## What is expected
Please transcribe the data below in full, word for word, without the images.

## Stored data
>>>

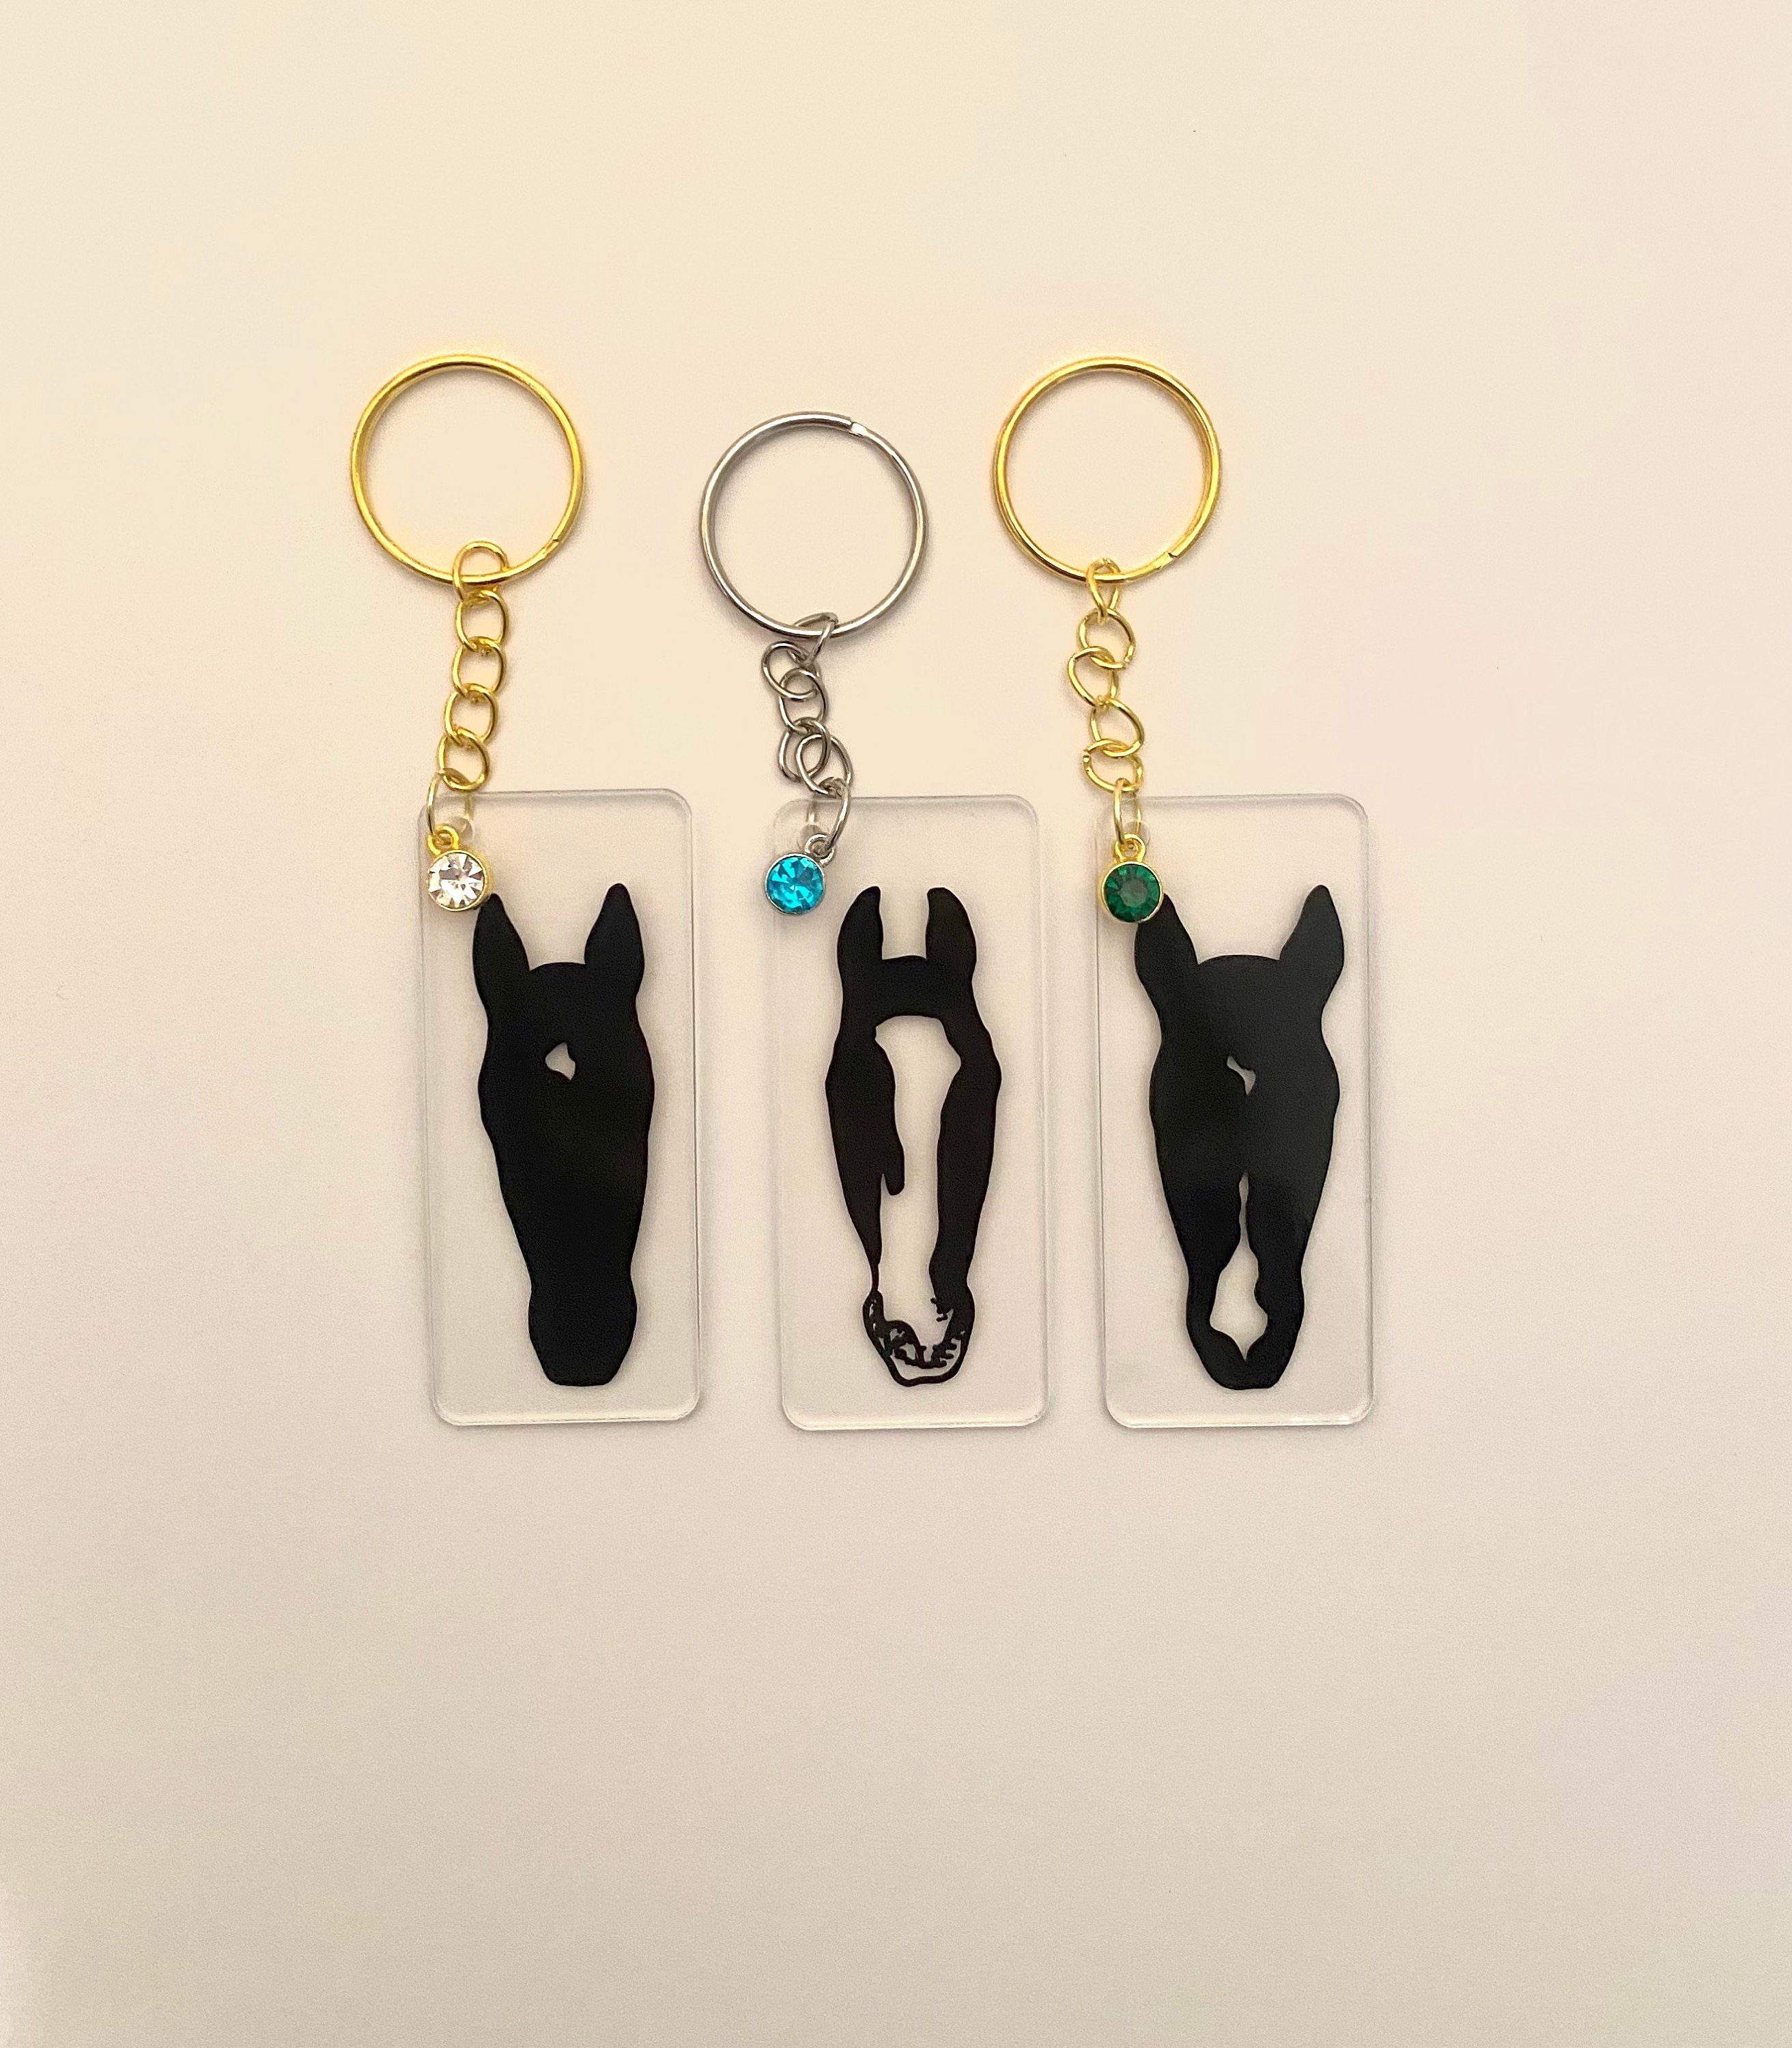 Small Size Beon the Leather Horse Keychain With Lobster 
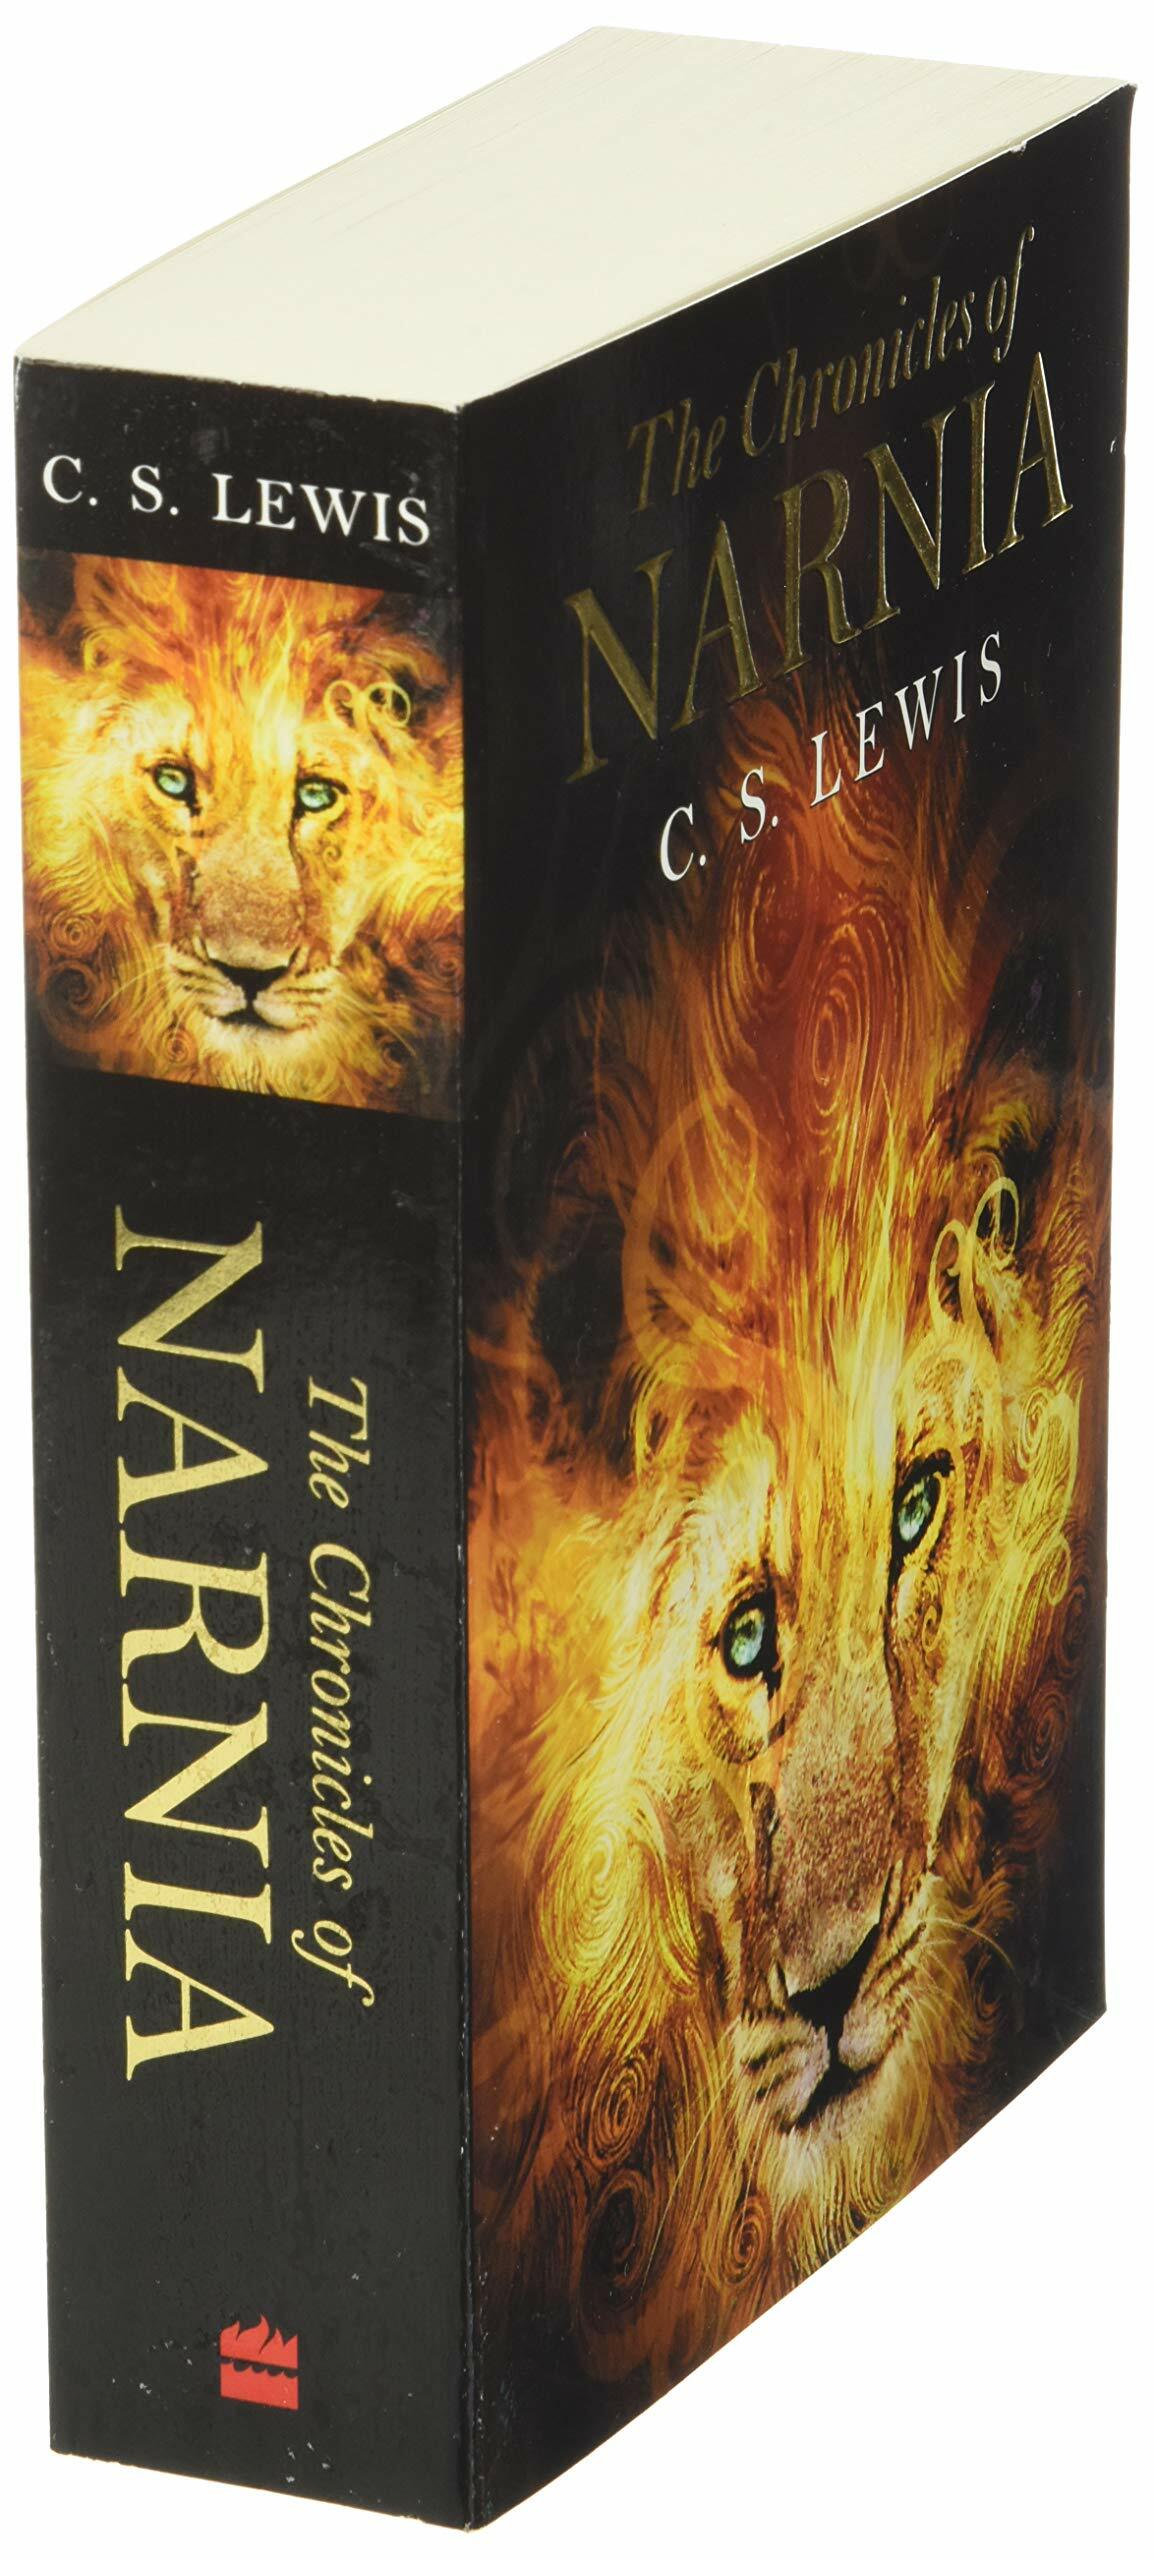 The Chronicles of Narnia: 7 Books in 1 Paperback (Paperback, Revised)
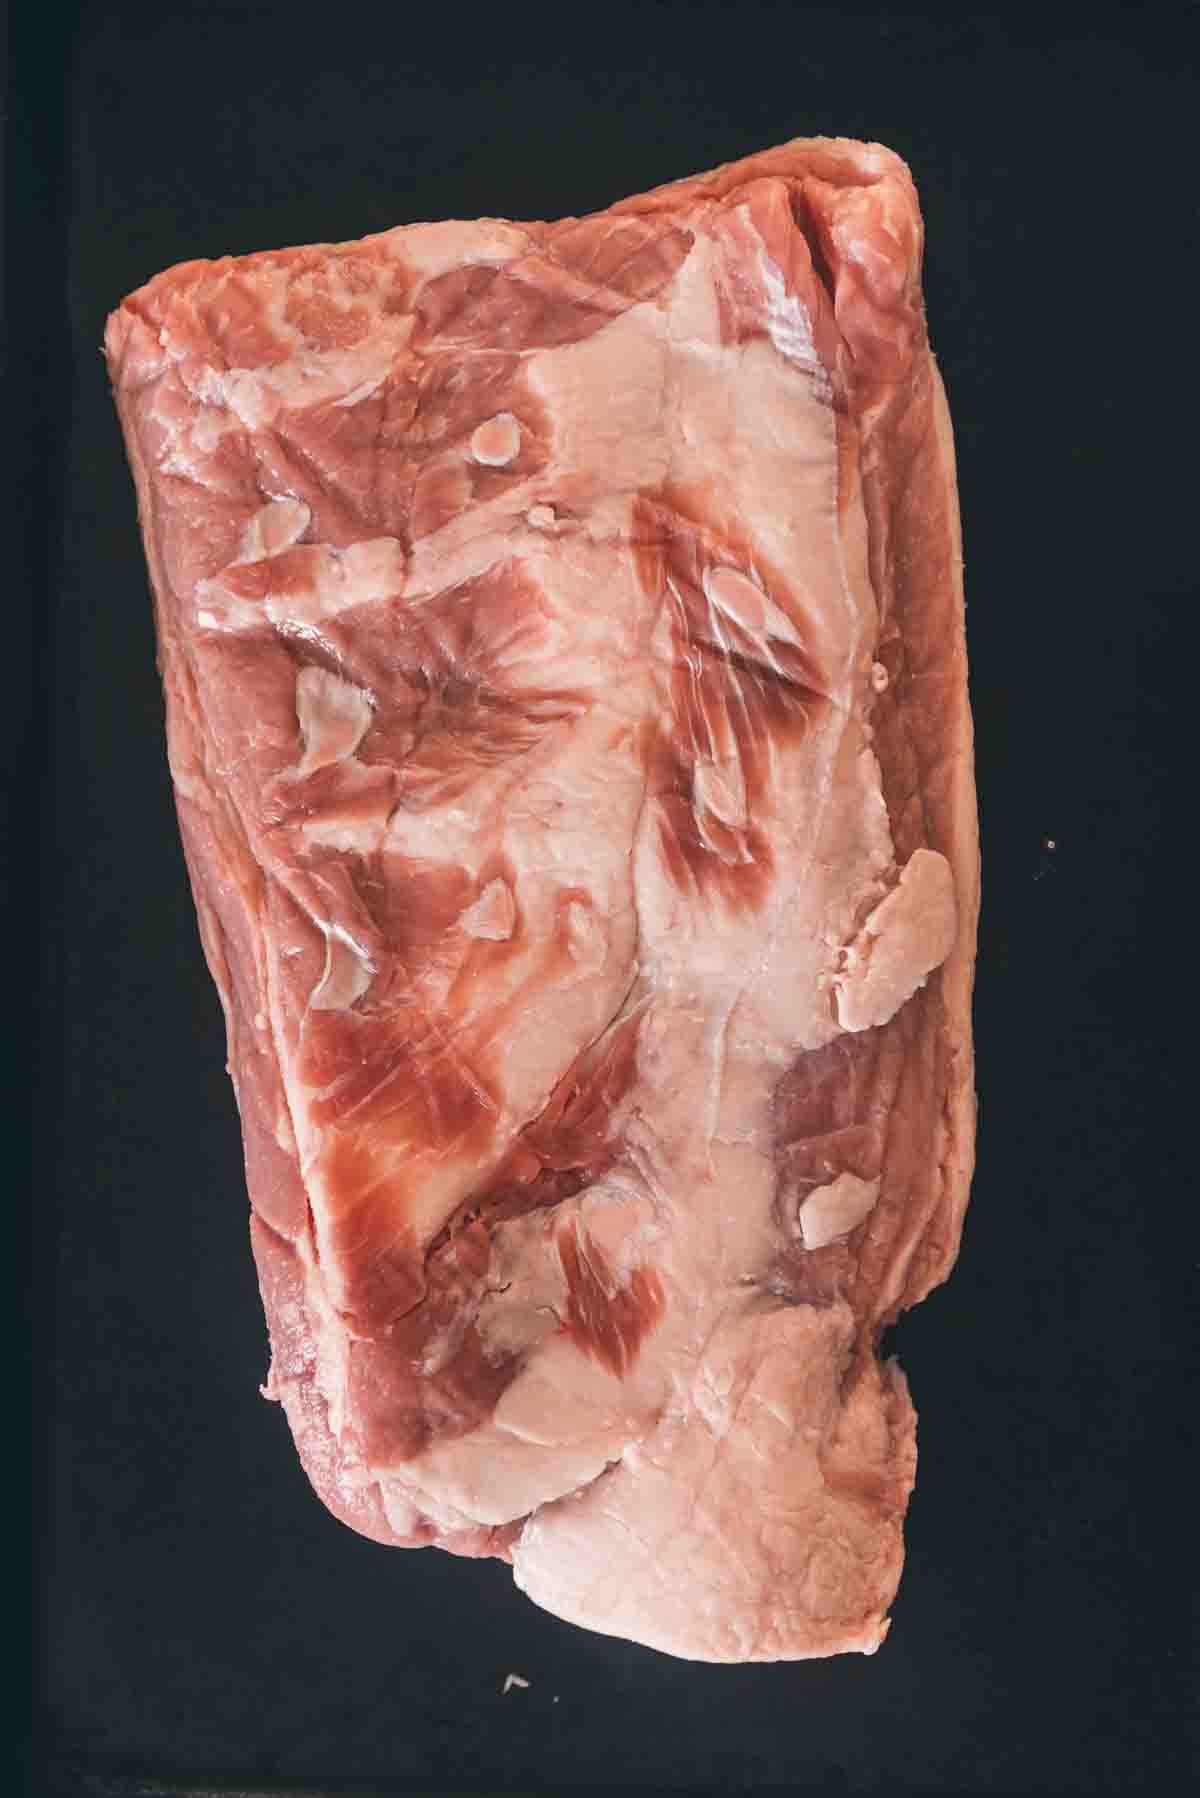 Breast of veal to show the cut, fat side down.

<<<

## Output
 Small Size Beon the Leather Horse Keychain With Lobster 
 The Chronicles of Narnia: 7 Books in 1 Paperback (Paperback, Revised)
 Breast of veal to show the cut, fat side down.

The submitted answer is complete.